My youngest is normally quiet. He is about 18 months and I heard his big dog bark outside for the first time a couple weeks ago, someone was on the property in the back that he didn't like, he loves the neighbors so I know it's not anyone he knew. Just yesterday he barked at the door for the first time. It was one of those church people, but they were in a suv driving door to door, which was odd, because they didn't go anywhere else. For his first time barking he sounded huge and mean. He went from the door to the window and the other dogs let him have that one. He was quiet when I told him, but he stared at that man until he left(I did not answer the door and whoever it was is now well aware there are large dogs in the home) I did praise him on that one, he did a good job.


----------



## Steve Strom (Oct 26, 2013)

> Also GSD's do become naturally wary of strangers


Try thinking more along the lines of attentive, aware, but not wary. Wary may not be wrong exactly, but its more along the lines of afraid of then what suspicious is in this context.


----------



## Agaribay805 (Jan 7, 2016)

Steve Strom said:


> Try thinking more along the lines of attentive, aware, but not wary. Wary may not be wrong exactly, but its more along the lines of afraid of then what suspicious is in this context.

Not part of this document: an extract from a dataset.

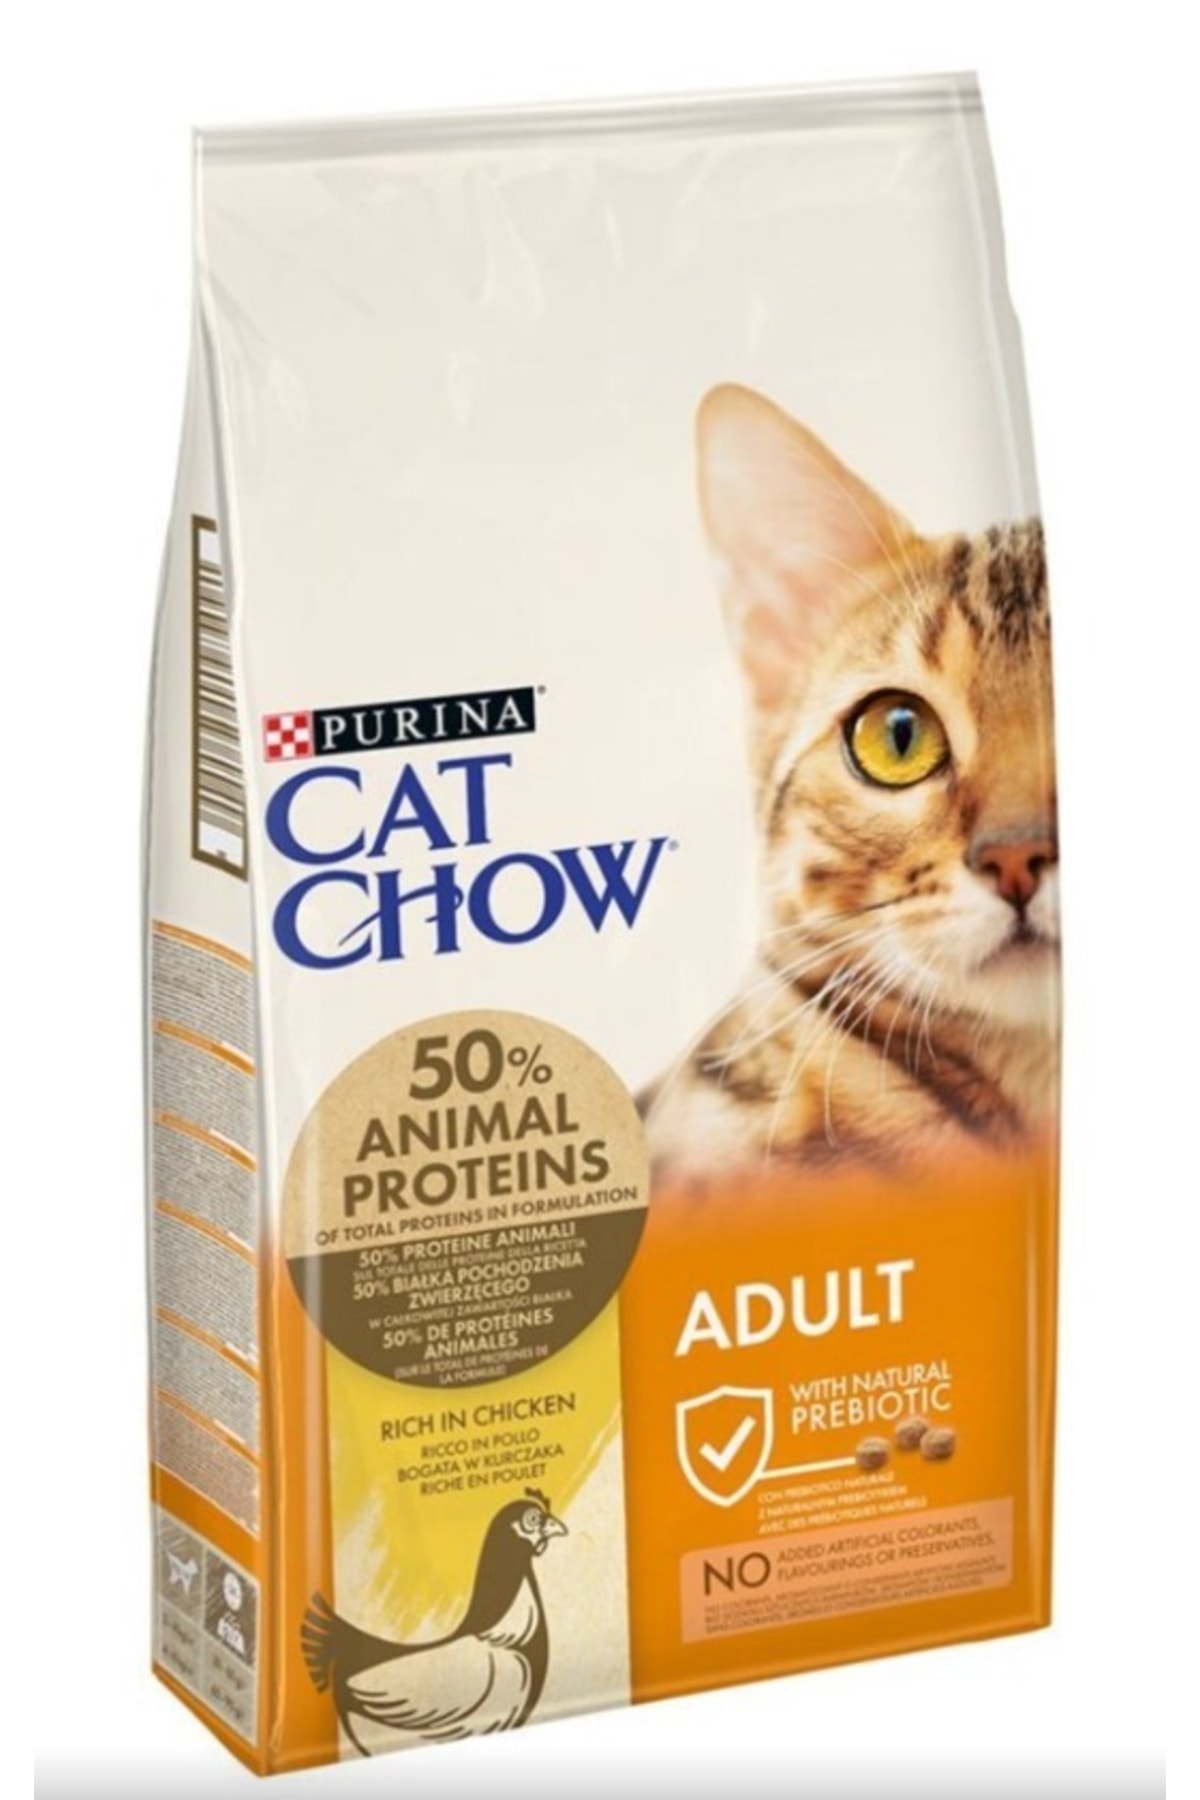 Purina Cat Chow Adult Tavuklu Hindili Kedi Maması 15kg

I love the way u explain it


----------



## Steve Strom (Oct 26, 2013)

I'm not real big on terminology Agaribay. I tend to look at this stuff as my dog is bothered by something and the fewer things they're bothered by, the better. One of mine will bark and pace at the dumbest things. Everything bugs him. The other one lays down and looks at him.


----------



## Agaribay805 (Jan 7, 2016)

Yeah I'm not big on terminology either but I've noticed a lot of people on here are. If I ever word things incorrectly it can lead to some serious lecturing lol


----------



## wolfy dog (Aug 1, 2012)

Deja became alert towards strangers at around the 2 year mark. Up until that time she was quiet when someone came at the door but she always kept an eye on what I thought of it. Now she barks a few times. 
The more stable they are the less they freak out at a young age.


----------



## SuperG (May 11, 2013)

Agaribay805 said:


> Yeah I'm not big on terminology either but I've noticed a lot of people on here are. If I ever word things incorrectly it can lead to some serious lecturing lol


What exactly do you mean by " serious" and "terminology" and the word "it"?

SuperG


----------



## Agaribay805 (Jan 7, 2016)

SuperG said:


> What exactly do you mean by " serious" and "terminology" and the word "it"?
> 
> SuperG


Your not serious, are you?


----------



## Steve Strom (Oct 26, 2013)

Agaribay805 said:


> Your not serious, are you?


Define "your" I'm not sure G possesses "serious" In this case think of it more in terms of, Serious, NOT. Lol.


----------



## Agaribay805 (Jan 7, 2016)

Haha! Good one! I love it when people don't take everything so literraly and so seriously!! Life is way too short. Happy Saturday everyone. Off to enjoy the kids, the dog & some wine


----------



## Steve Strom (Oct 26, 2013)

Define "Some"


----------



## ksotto333 (Aug 3, 2011)

Steve Strom said:


> Define "Some"


Wit is good..makes life more interesting.


----------



## astrovan2487 (May 29, 2014)

My pup is just a bit older than yours and she's Czech, DDR and does not bark at anything unless it's to play. She loves all people and is extremely confident and friendly, I like it this way. My older GSD I got when she was 5 and she never barked at people from what I remember, she is also very stranger friendly for a GSD. I've heard a lot of people say their GSD pups started to show a bit of suspicion and barking towards people around 6-9 months. Like others have said I'd keep her from barking excessively at this point because it may turn into an issue later on.


----------



## Steve Strom (Oct 26, 2013)

ksotto333 said:


> Wit is good..makes life more interesting.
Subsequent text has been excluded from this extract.